| Date: | Mon, 3 May 1999 20:15:17 -0400 |
| Reply-To: | "Paul M. Dorfman" <sashole@NETSCAPE.NET> |
| Sender: | "SAS(r) Discussion" <SAS-L@UGA.CC.UGA.EDU> |
| From: | "Paul M. Dorfman" <sashole@NETSCAPE.NET> |
| Organization: | EarthLink Network, Inc. |
| Subject: | Re: PROC SORT: Disk Size limitations |
| Content-Type: | text/plain; charset=us-ascii |
jgropp1 wrote:
>
> I have a data set with 7569504 observations and 7 variables and I'm trying
> to sort it by 3 variables and I'm having trouble with the work space
> available for sorting. The data is approx. 407 MB itself and there is about
> 1.5 GB of remaining space on the hard drive. I figured even if SAS rewrote
> the file 3 times during the sort procedure then the would still leave about
> 300MB of space, however I still run out of disk space. I know that one can
> play around with the Proc Sort options to correct my problem but I am leery
> about changing some parameters without some guidance. I'm using SAS 6.12
> for Windows on a system with WIN98 350mhz/64mb ram. Any ideas?
>
> Thanks,
> Jeff
Jeff,
I would approach the problem this way...
1) Determine the maximum number of observations in your dataset that can be
sorted safely using OBS= option. It does not have to be precise, just get in
the
ballpark. Let us say, you have come up with it is 1,000,000.

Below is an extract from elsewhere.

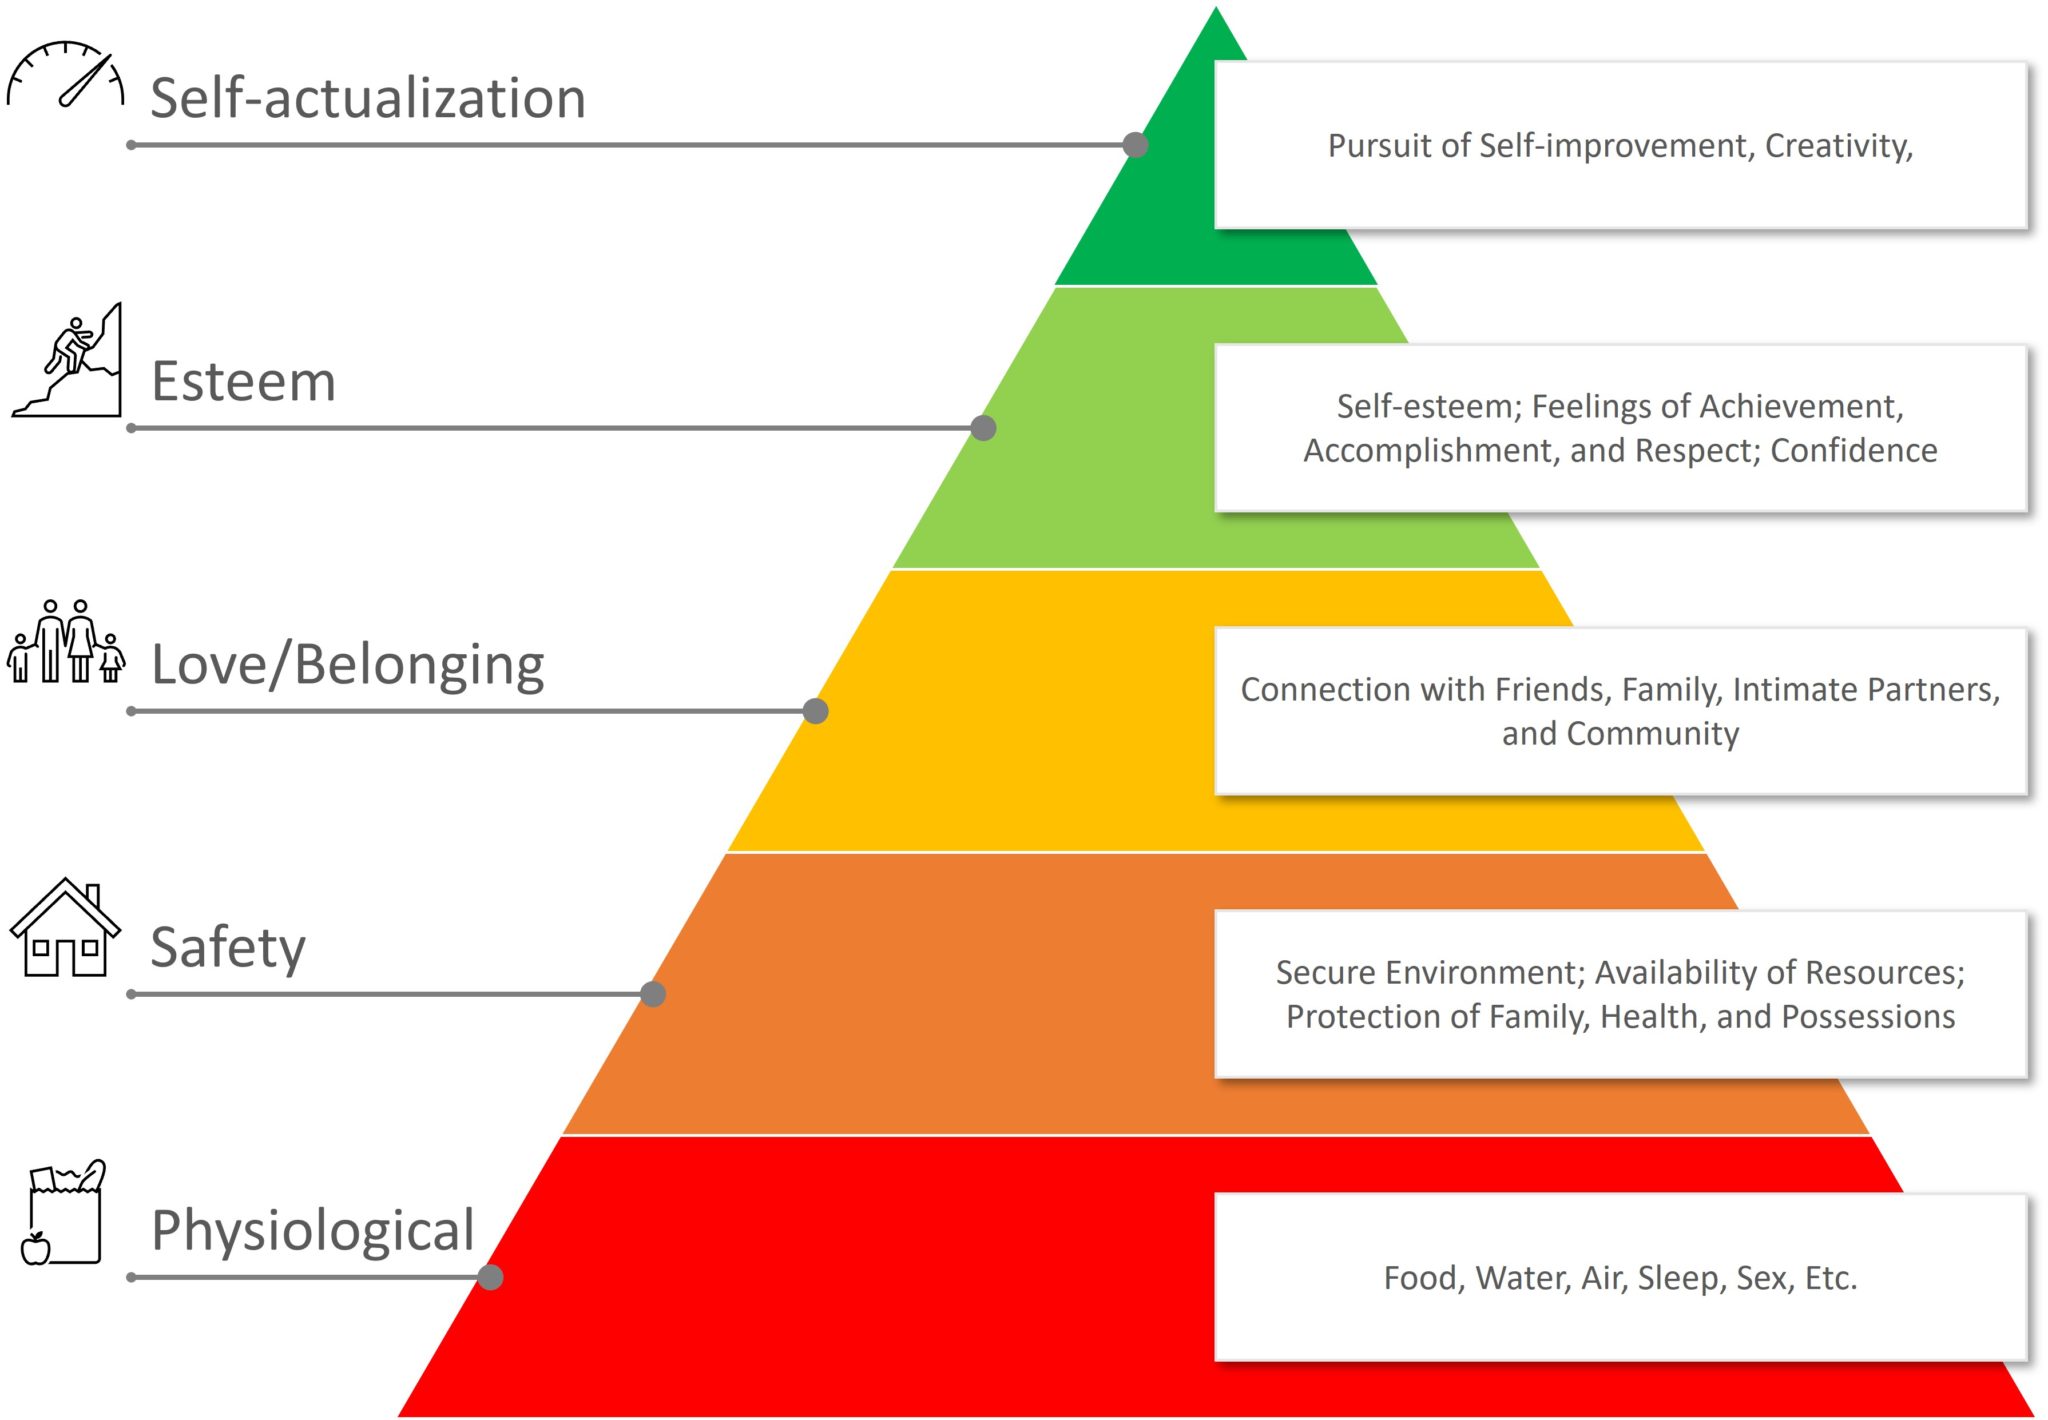 Abraham Maslow's Hierarchy of Human Needs

2) Using FIRSTOBS= and OBS=, break the dataset into as many datasets as needed,
say, A, B, C, D, E, F, G.
3) Sort each one separately.
4) If your ultimate purpose is some kind of DATA step BY-processing, for
instance, accumulating something for every BY-group, simply interleave the
partial files:
DATA BY_SMTH;
SET A B C D E F G;
BY X Y Z;
IF FIRST.Y THEN DO;
..............
END;
..............
IF LAST.Y THEN DO;
..............
END;
............
RUN;
If you need to feed the would-be sorted file into a procedure, create a view
specifying BY variables, and feed that view into the proc. Specify the BY-group
in the proc, too. Something like:
DATA SORTED/VIEW=SORTED;
SET A B C D E F G;
BY X Y Z;
RUN;
PROC SMTH DATA=SORTED;
BY X Y Z;
........
RUN;
This way, you will not have to actually create a sorted dataset, but only
partial sorted datasets. Of course, if you do need that dataset in its
entirety,
then
DATA SORTED;
SET A B C D E F G;
BY X Y Z;
RUN;
will do the final sorting. Before doing that (and only if the partial datasets
have been created OK), you may want to kill the original dataset to save space,
for instance,
PROC DELETE DATA=ORIGINAL; RUN;
or
PROC SQL; DROP TABLE ORIGINAL; QUIT;
or
PROC DATASETS; DELETE ORIGINAL; RUN;
depending on your syntax preferences.
Kind regards,
===============
Paul M. Dorfman
Jax, FL
===============
|